My first interest in muzzleloading probably was influenced by the "King of the Wild Frontier" series on Disney. But I was too young to shoot.

I really got interested about 1974 with the upcoming Bicentennial I bought my first flintlock rifle from Dixie Gun Works. Since then it's history. Been with flintlocks all these years.
 
I was a crockett and boone fan as a youngster, and as a juvenile my dad and I deer hunted with an oldster name of 'Doc' Owen (not a doctor at all, he was a muleskinner I suppose you could say that owned a really large mule and wagon and went around plowing gardens and pulling tree stumps, clearing lots and such I don't know how he got the handle) the feller carried a SXS 12ga percussion bp shotgun and always got a deer or 2.
around '78 I traded for a CVA hawken .50 pistol kit and put it together (still shoot it some) and that got the ball rollong.
I've taken several whitetails with my .50 rifles on doe day. and lucked into a couple of bucks also. the deer w/horns don't taste any better than the ones w/out.
 
My gramma and the rest of the "older" family members always said they/we were related to Daniel Boone, but never really said or knew what that connection was. I always did feel that I was born at least 150 years too late. I was drawn to the early Davy Crockett and Daniel Boone TV shows because of that, I guess. While in college, I practically wore out the Dixie Gun Works catalogs, but couldn't afford the offerings they had. Then, in the late 80s/early 90s, one of my mother's cousins did extensive genealogy research into the Callaway lineage and found that one of our ancestors, Flanders Callaway, did indeed marry Jemima Boone, Daniel's daughter. So, I am related, albeit by marriage only, to Ol Dan'l. Another ancestor, Richard Callaway was D. Boone's "right hand man" on the journey through the Cumberland Gap and into Kentucky. His son, James, and grandson, Flanders, also made the trip.

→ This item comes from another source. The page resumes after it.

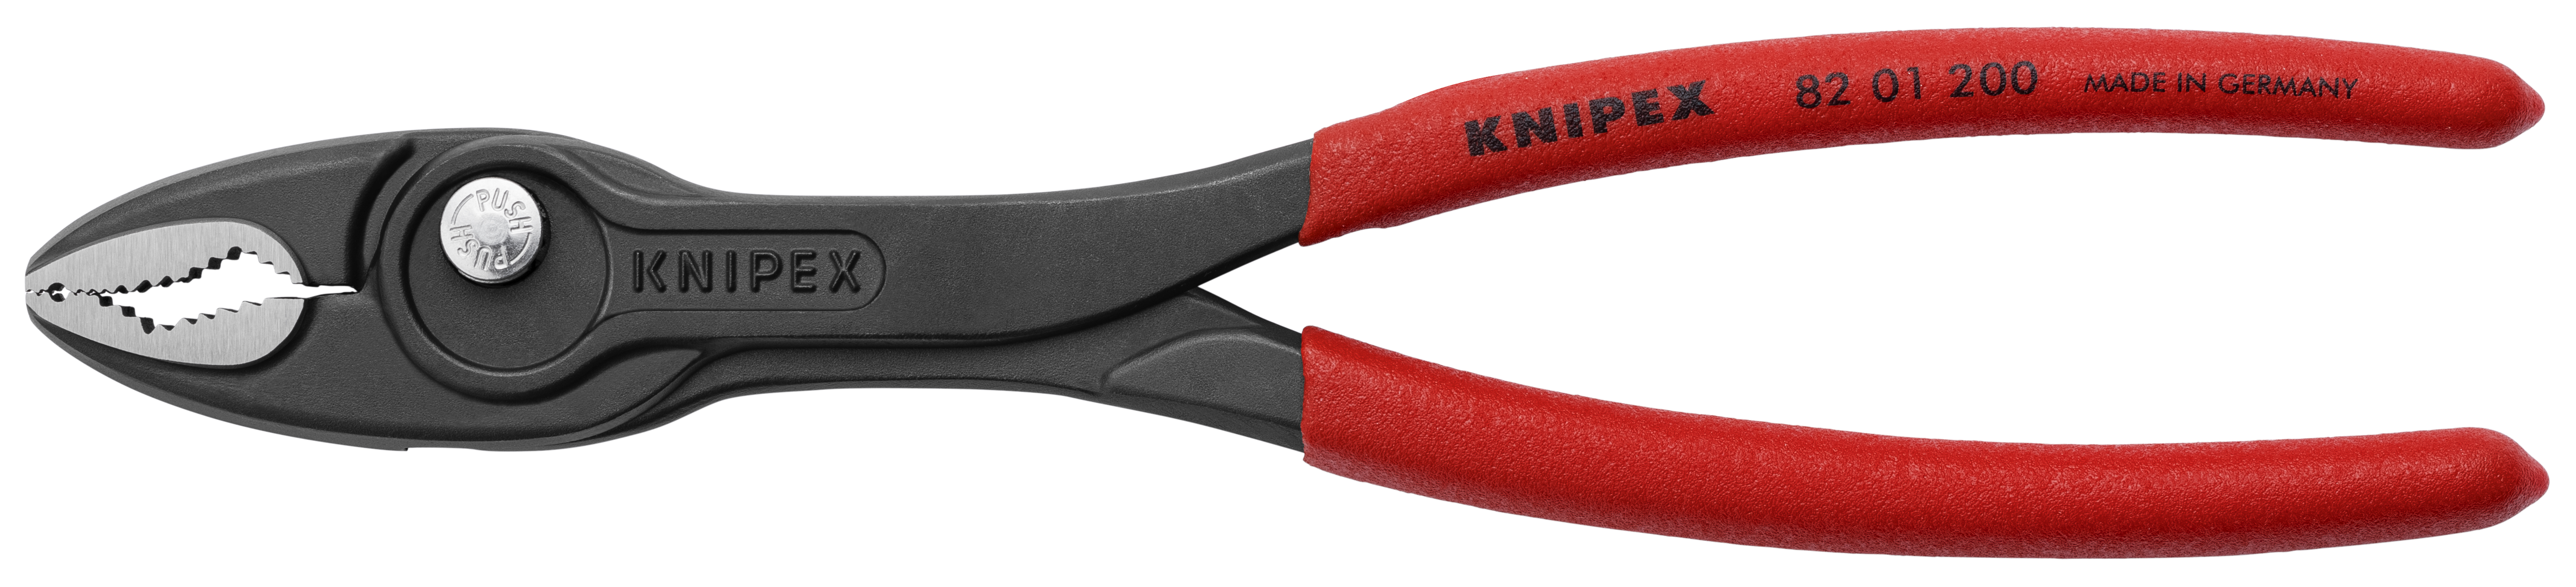 KNIPEX TwinGrip Frontgreifzange mit rutschhemmendem Kunststoff überzogen schwarz atramentiert 200 mm

I didn't get my first ML until I was about 40 years old, but I've made up for the delay quite nicely.
 
I just remembered prior to Fess Parker my 6th grade class made a road trip down 1-85 to King's Mountain National Military Park. Fess Parker was icing on the cake.
 
Randy Johnson said:
What first sparked your interest in muzzleloading firearms?

Here in Pennsylvania, it's a chance to get in the deer woods and not feel like you're in a war zone.

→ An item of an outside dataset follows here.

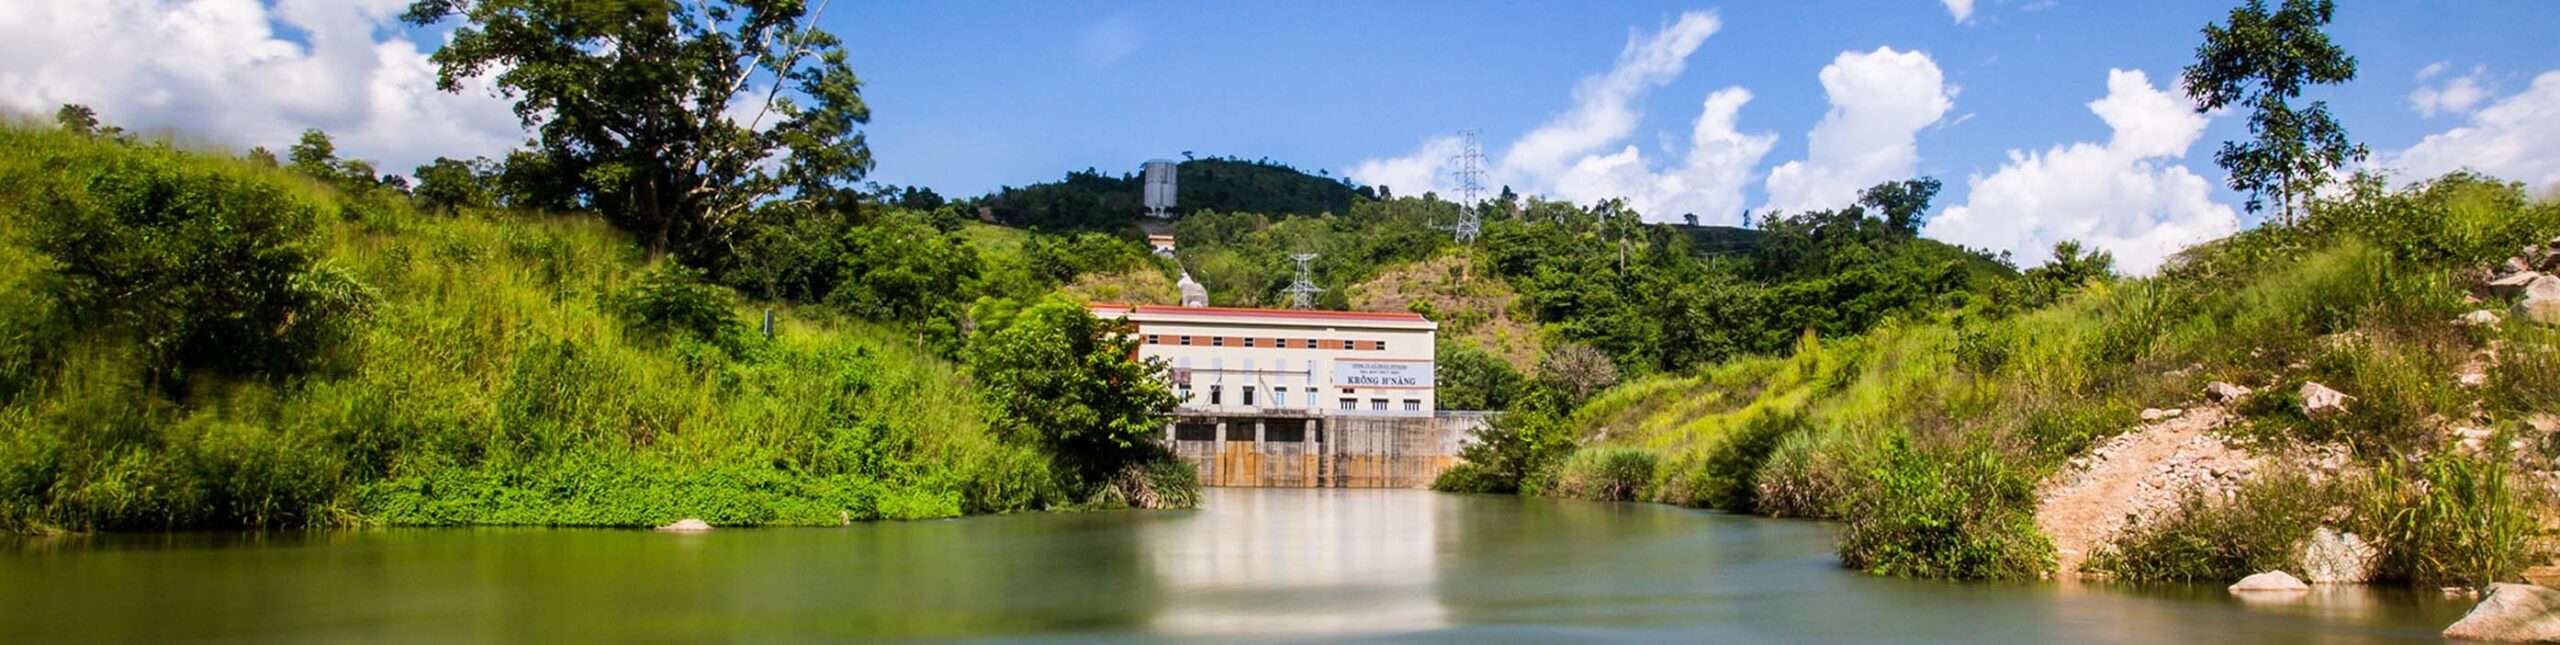 Nhà máy thủy điện Sông Ba (Công ty Cổ phần Sông Ba)

Once I started building 'em, it turns out that's dang near as much fun as hunting with 'em.
 
Pletch, I'd bet a teacher couldn't get away with reading a book to the class that spoke of those evil, ahem, guns nowadays.
 
In late 1969 I took a small cannon to Barney at Barney's Cannons, now known as South Bend Ordinance for evaluation. At the time we lived outside of Chicago but were preparing to move to Indiana an open a business. Talking with Barney he mentioned we would be near Friendship. "What's that?", I asked. He explained. During a trip preparatory to the move we attended one of the shoots at Friendship. I was hooked. I had always liked guns and hunted but had never seen anything like the Friendship spectacle or the people. Did I say I was hooked? I was hooked.